### [Exercise requirements]
Only the pictures are to be left out; return the rest of the data exactly as it stands.

*** Provided material ***

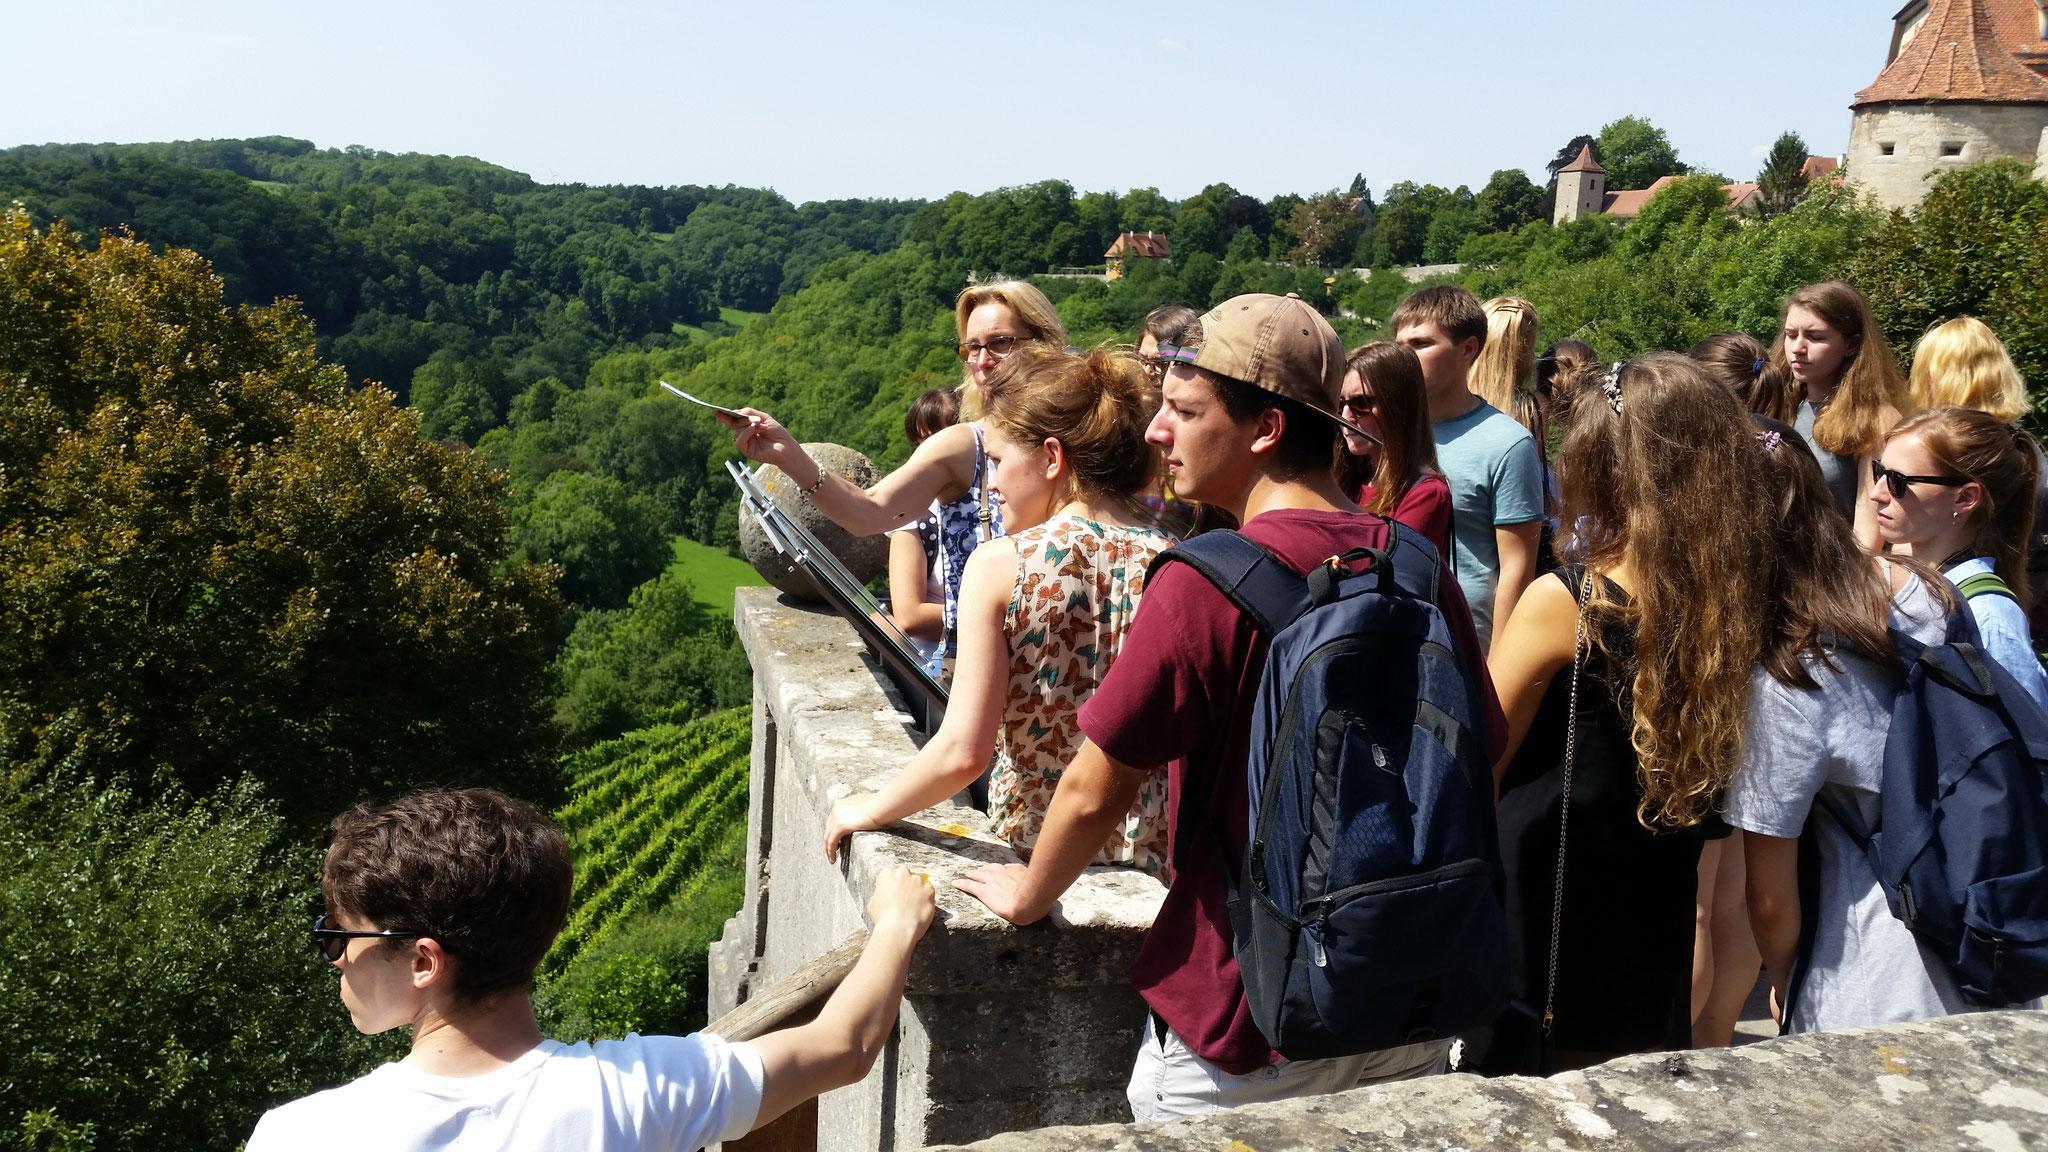 Deutsch-Sommersprachkurs Universität Würzburg, Deutsch lernen in Würzburg, Kulturprogramm, Tagesauflug Rothenburg ob der Tauber, Stadtführung an der Stadtmauer
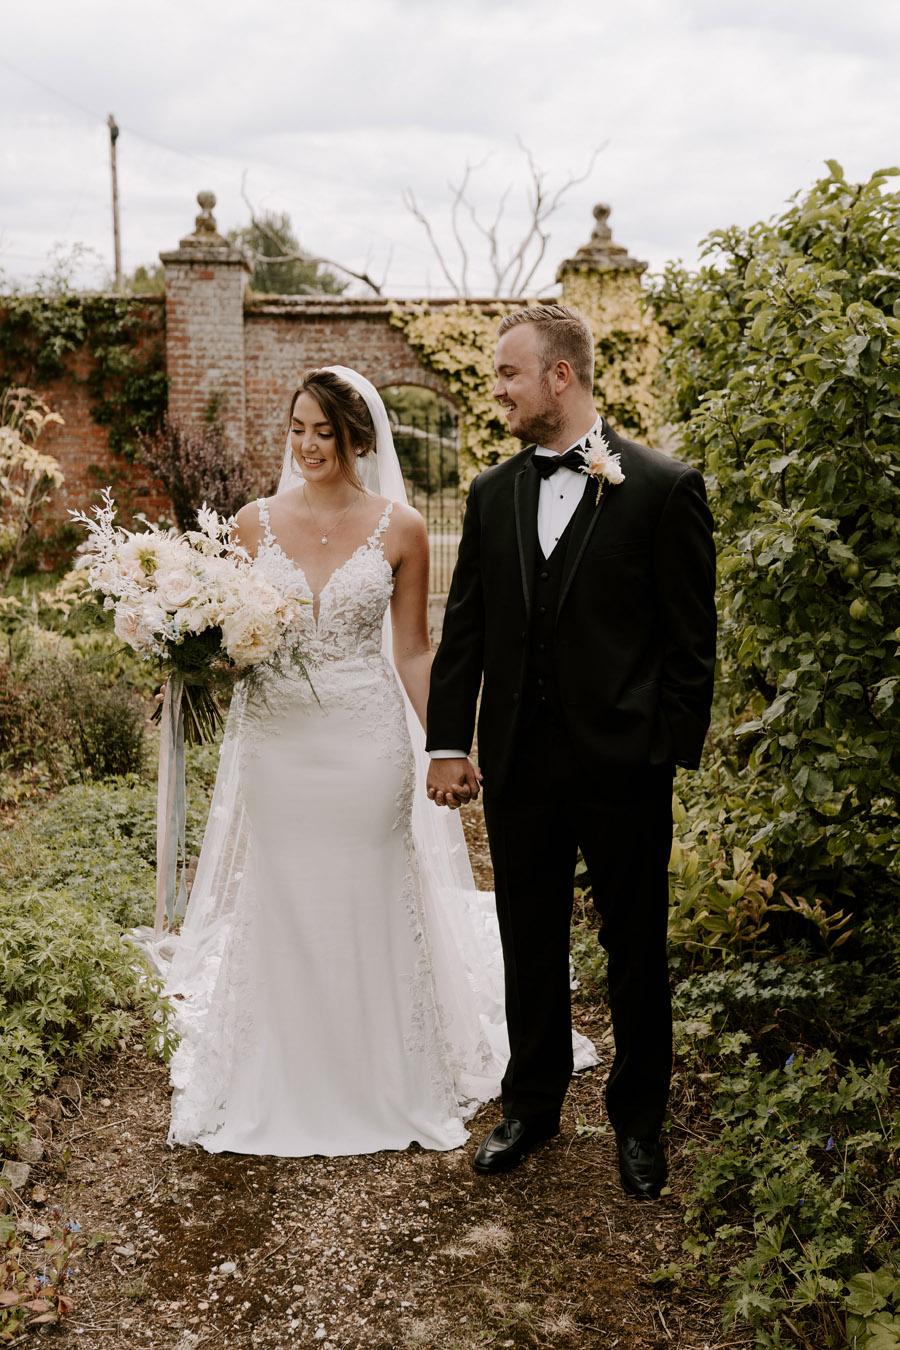 Classic and Stately – Edmondsham House wedding inspiration, image credit Jack Aldridge Photography (3)
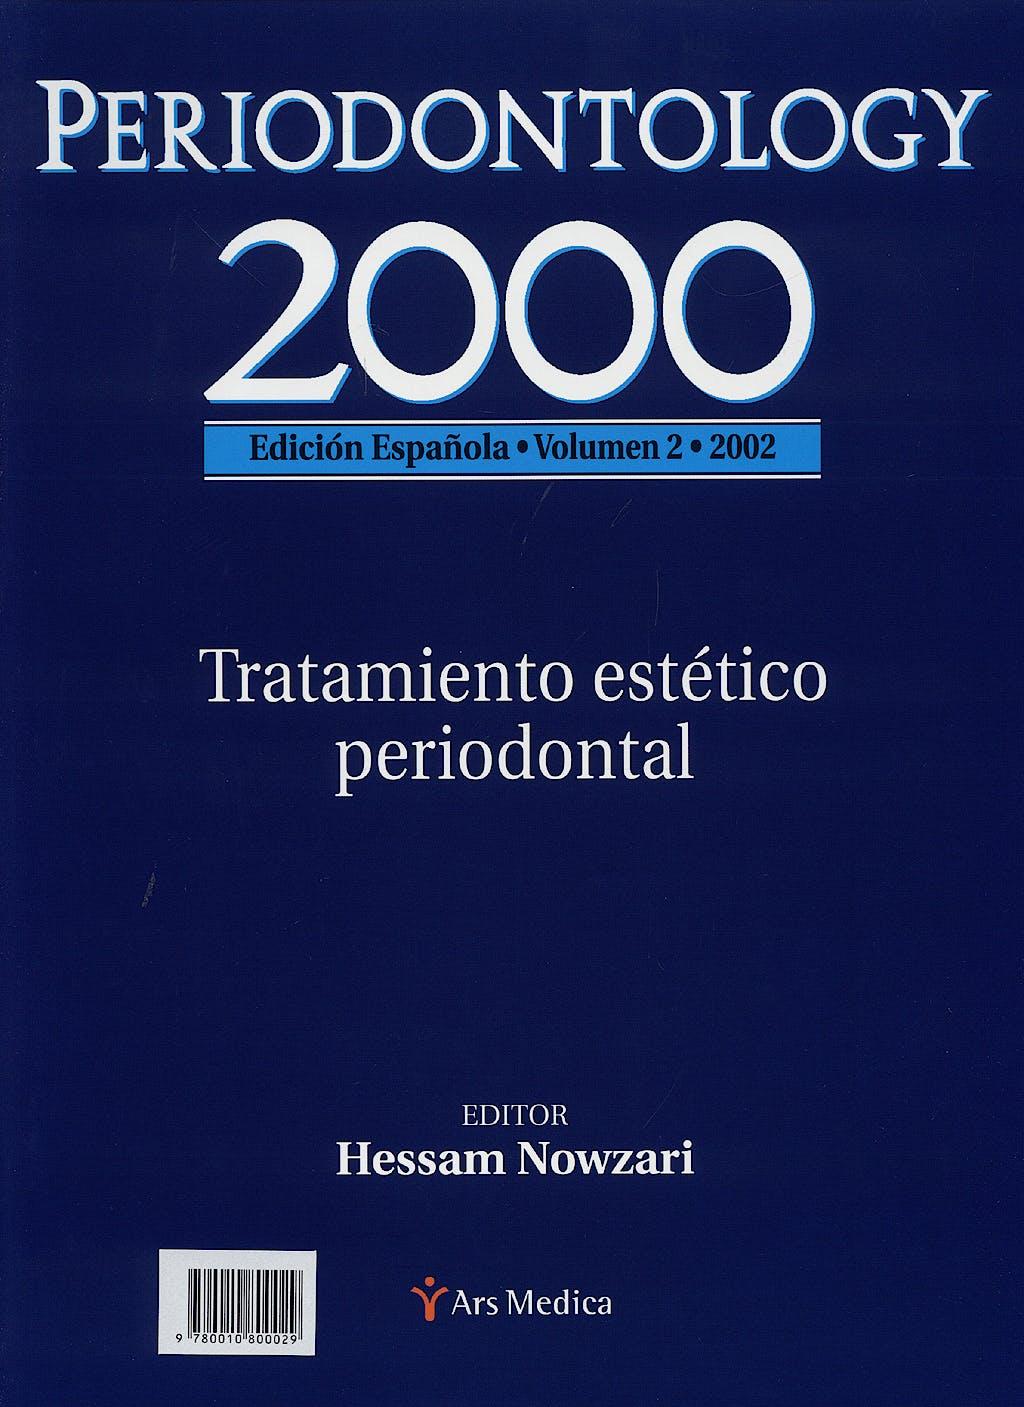 Portada del libro 9780010800029 Periodontology 2000, Vol. 2: Tratamiento Estetico Periodontal
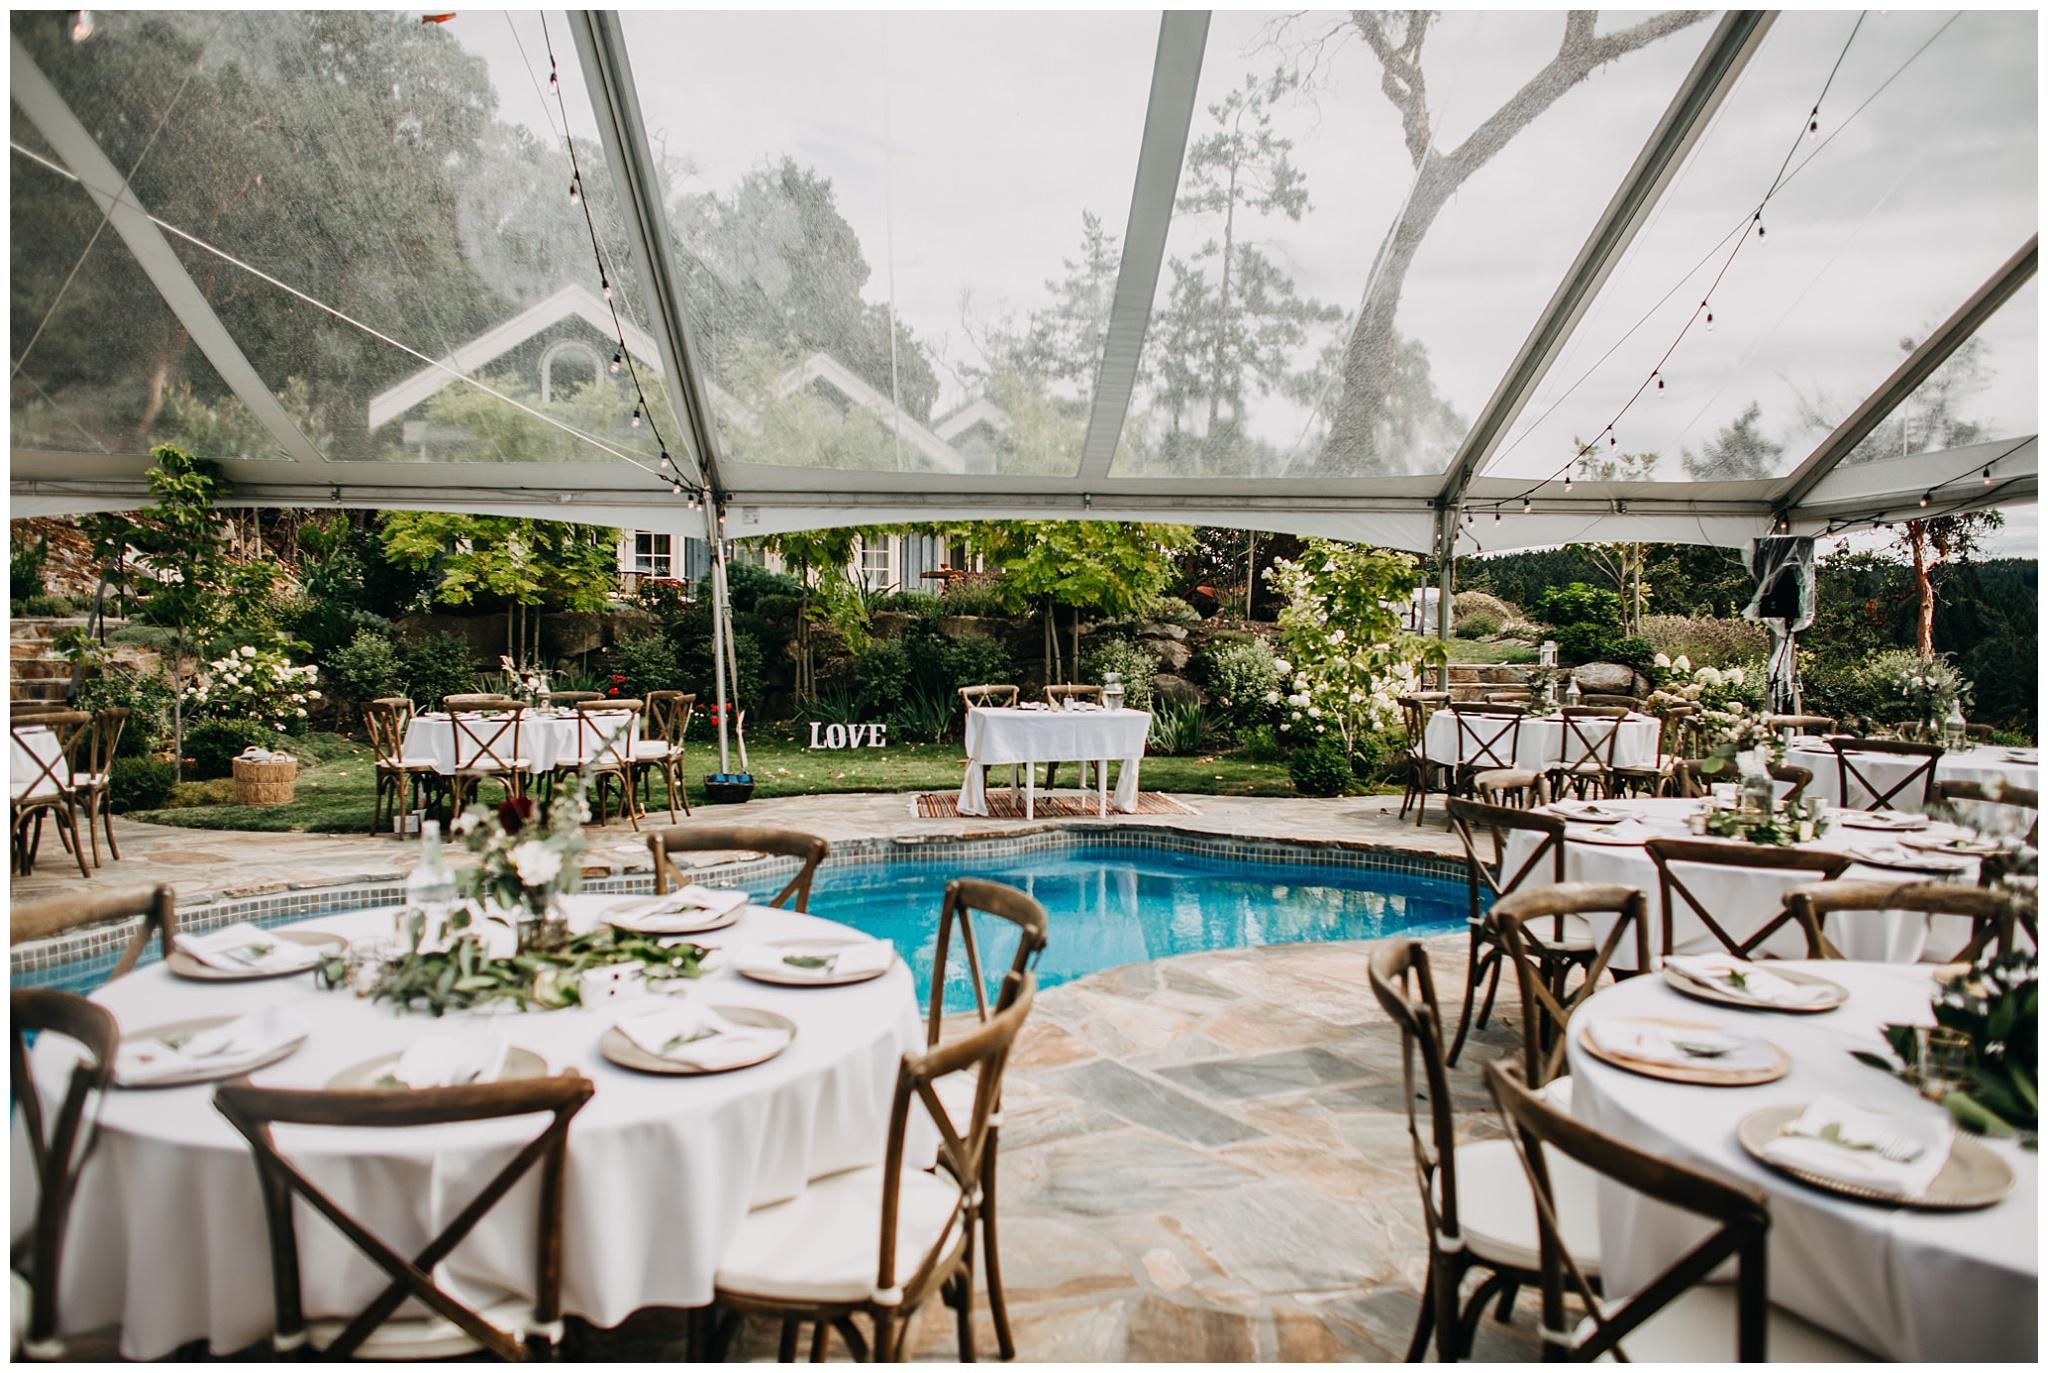 intimate mayne island backyard wedding reception decor by pool

*** End of Provided material ***

### [Task solution]
 Deutsch-Sommersprachkurs Universität Würzburg, Deutsch lernen in Würzburg, Kulturprogramm, Tagesauflug Rothenburg ob der Tauber, Stadtführung an der Stadtmauer
 Classic and Stately – Edmondsham House wedding inspiration, image credit Jack Aldridge Photography (3)
 Portada del libro 9780010800029 Periodontology 2000, Vol. 2: Tratamiento Estetico Periodontal
 intimate mayne island backyard wedding reception decor by pool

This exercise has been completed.